Maybe, just maybe when you take on the stress of the world, it actually hinders the potential of not only yourself, but others around you. Maybe we are all praising and worshiping the same person, just with different words in a different language, entirely. Maybe if we just believe in the heart of a human can we judge them, accordingly. Maybe education is the answer to a boundless mind.
Maybe us over analyzers can finally draw the conclusion that these side effects are more of a blessing in the way we live our lives and the world can learn a thing or two, from us. In all honesty, I don’t think there’s any one person that’s happier than the next. There is such thing as confidence and being secure in your every move, but I also don’t think there’s any one of us who’s more confident than the other, either. If you think there are, I’m convinced it’s a persona and that’s the only thing I’m absolutely certain of.

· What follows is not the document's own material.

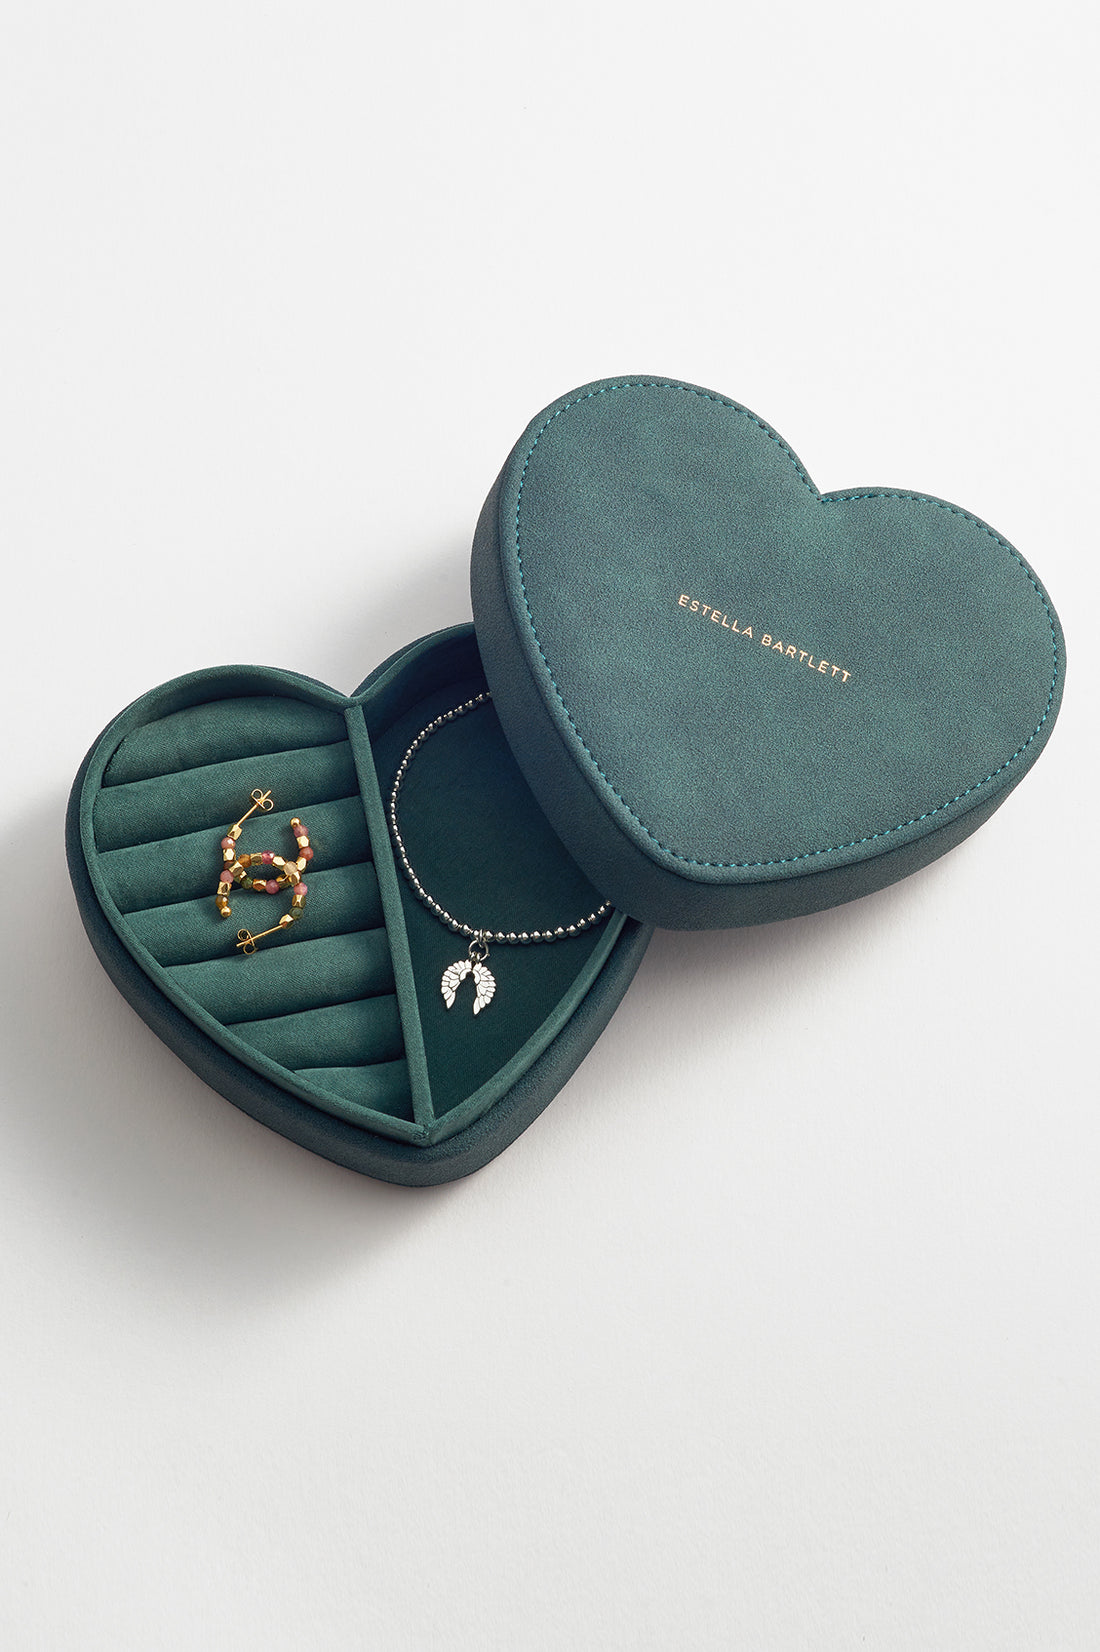 Heart Jewellery Box - Teal Velvet

Maybe the world needs us over analyzers in order to shift its own thinking and make people see beyond the horizon, or maybe they need us to believe in something that isn’t just a mirage. I think these side effects from a medicine that only the brave are willing to take, are set in our minds for a reason. No matter what kind of different routines we abide by during the day, it is our moral obligation to stay true to our over analysis of life. It is our duty to see things from every angle and make the decision, whether we continue to worry about it way after the fact, or not.